Had one of the antient writers of Greece said this of himself, how positive, might a modern critic have been, from the decisive words, a bare looker-on, that he had never wrote upon the same subject before? And that therefore, any book of that kind ascribed to him, must infallibly be false and spurious. And yet, to the confusion of criticism, this author, who unasked, and of his own free motion, declares, that he begins this work as a bare looker-on, has for more than ten years before he made this declaration, been sweating in the thickest dust, and heat of Doctor Warburton’s most ardent contention for novelties.[¹]

[¹] Critical enquiry, &c. published 1746.

I have the Doctor’s own words for this, both for the novelties, and this gentleman’s wonderful zeal, and skill shewn in the defence of them, so many years ago.

“Notwithstanding, says the Doctor, all that can be said, much clamour will ever attend novelties, though never so strongly proved.—But truth seldom thrives the worse, for unreasonable opposition; and it would seem (N. B.) not to be far from its establishment, when such writers, as the following, appear in its defence—He hath established what he undertook to defend, with such extent of learning, and force of good argument, that I dare become responsible for all he says; and am willing, that those of my opinions here debated, may stand, or fall, by the strength, or the invalidity of this defence.”[¹]

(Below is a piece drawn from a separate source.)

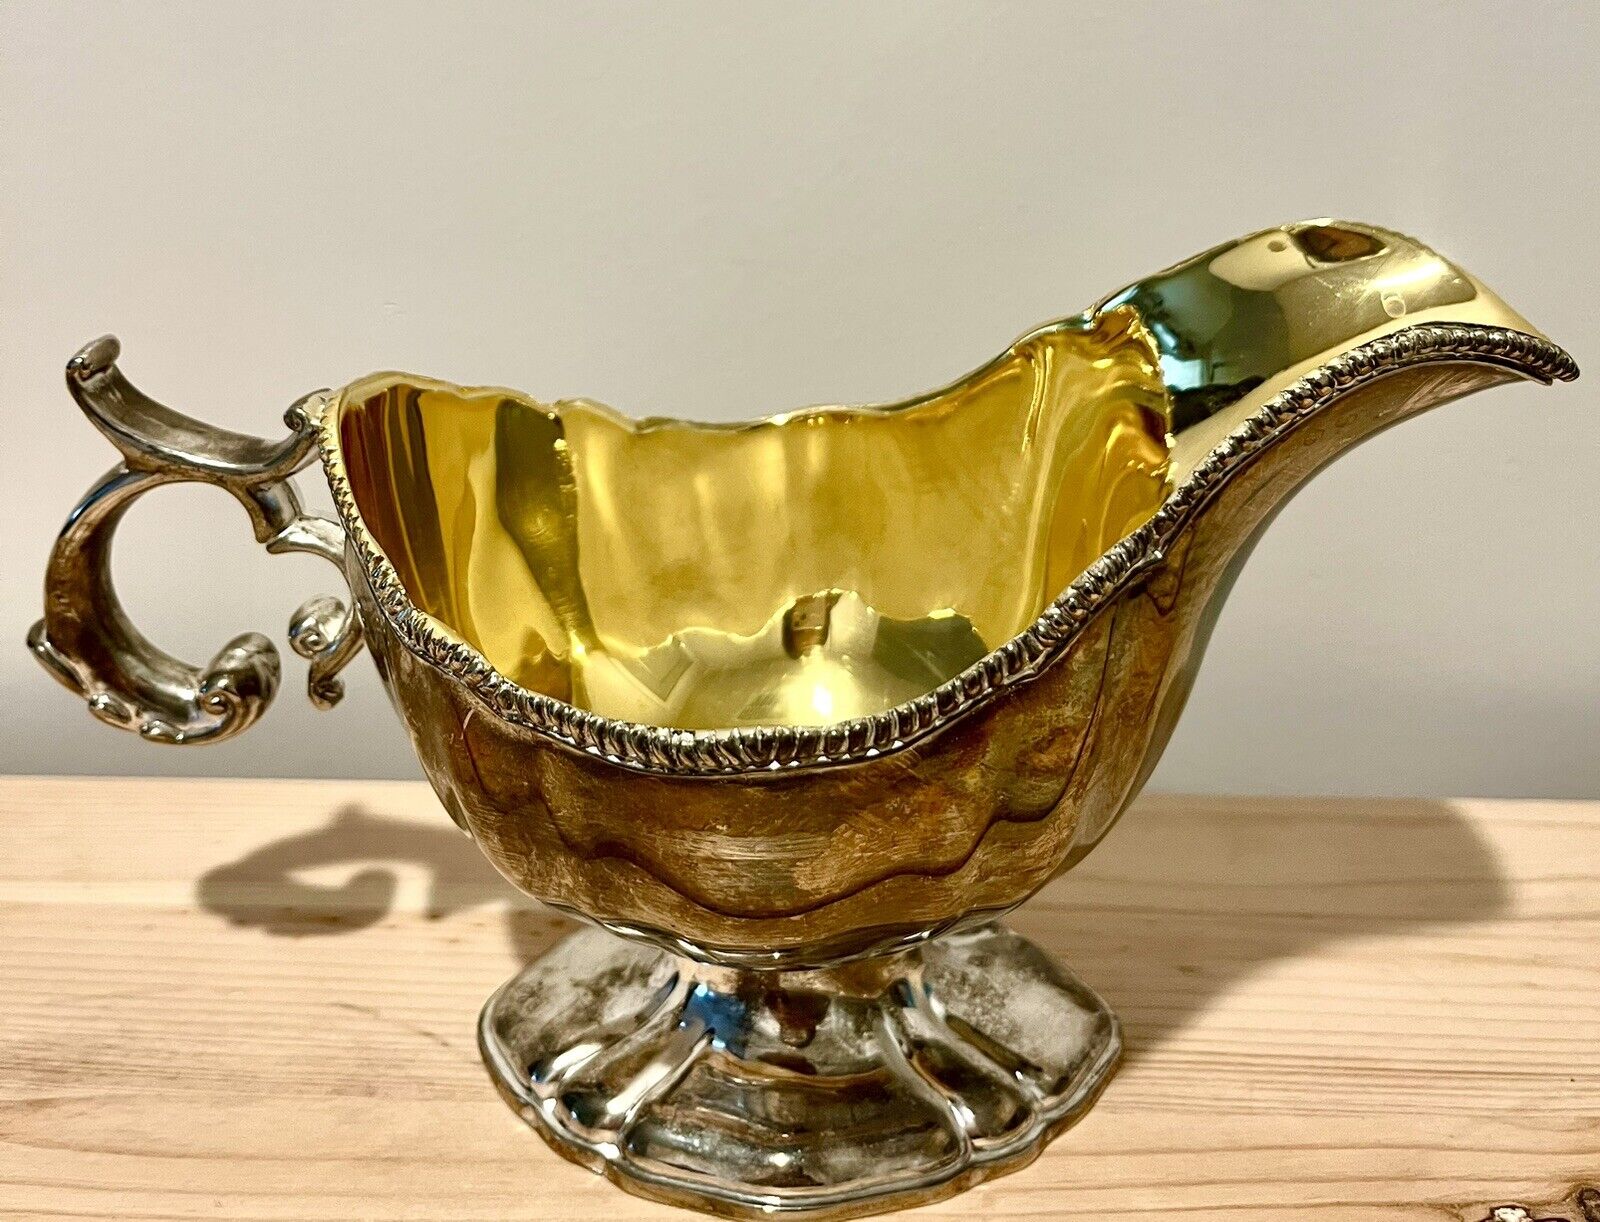 Vintage Silver Plated Gravy Boat Bowl

[¹] Preface to the critical enquiry, p. 10.

This compliment, so very hearty, as well as elegant, puts me in mind of another, which the learned Doctor made some time since, to the whole clergy of this nation; “a body of men, says he, the most learned, virtuous, and truly Christian, that ever adorned a church, or state.”[¹]

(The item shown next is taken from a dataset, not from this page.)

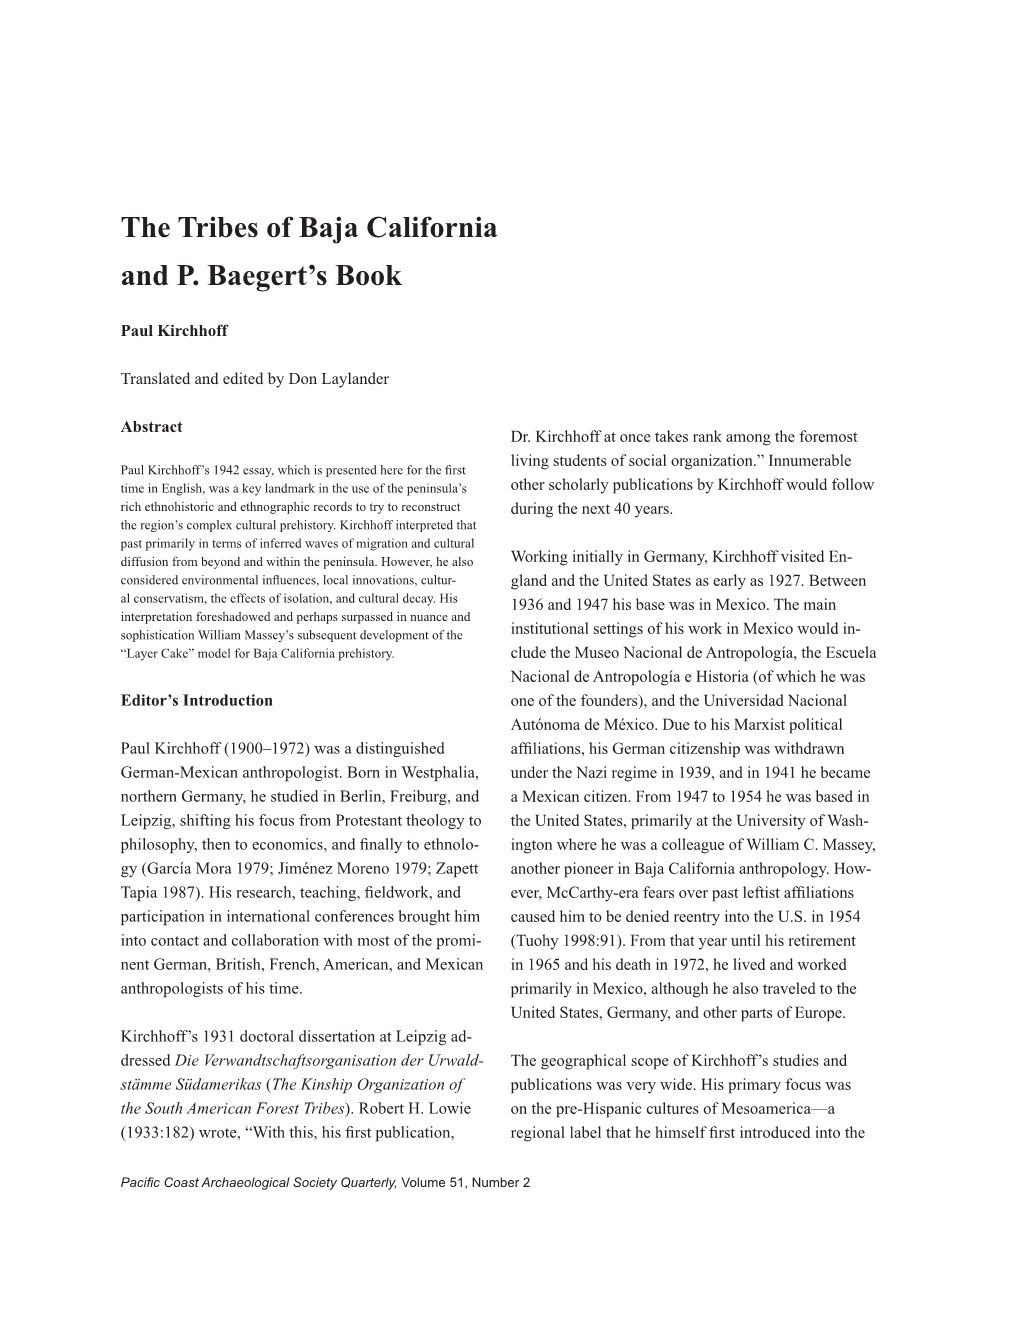 The Tribes of Baja California and P. Baegert's Book

[¹] D. L. Vol. 2. Preface, p. 6.

These two compliments are of so very high a strain, that were it not for the gravity of the Doctor’s character, and the seriousness of the subject, the reader might have thought himself obliged to understand them both ironically. But if the Doctor meant no more by this, than to buy a peace with the clergy, it must however be said, that he gave more for the purchase of it, than a man of a scrupulous conscience would have given.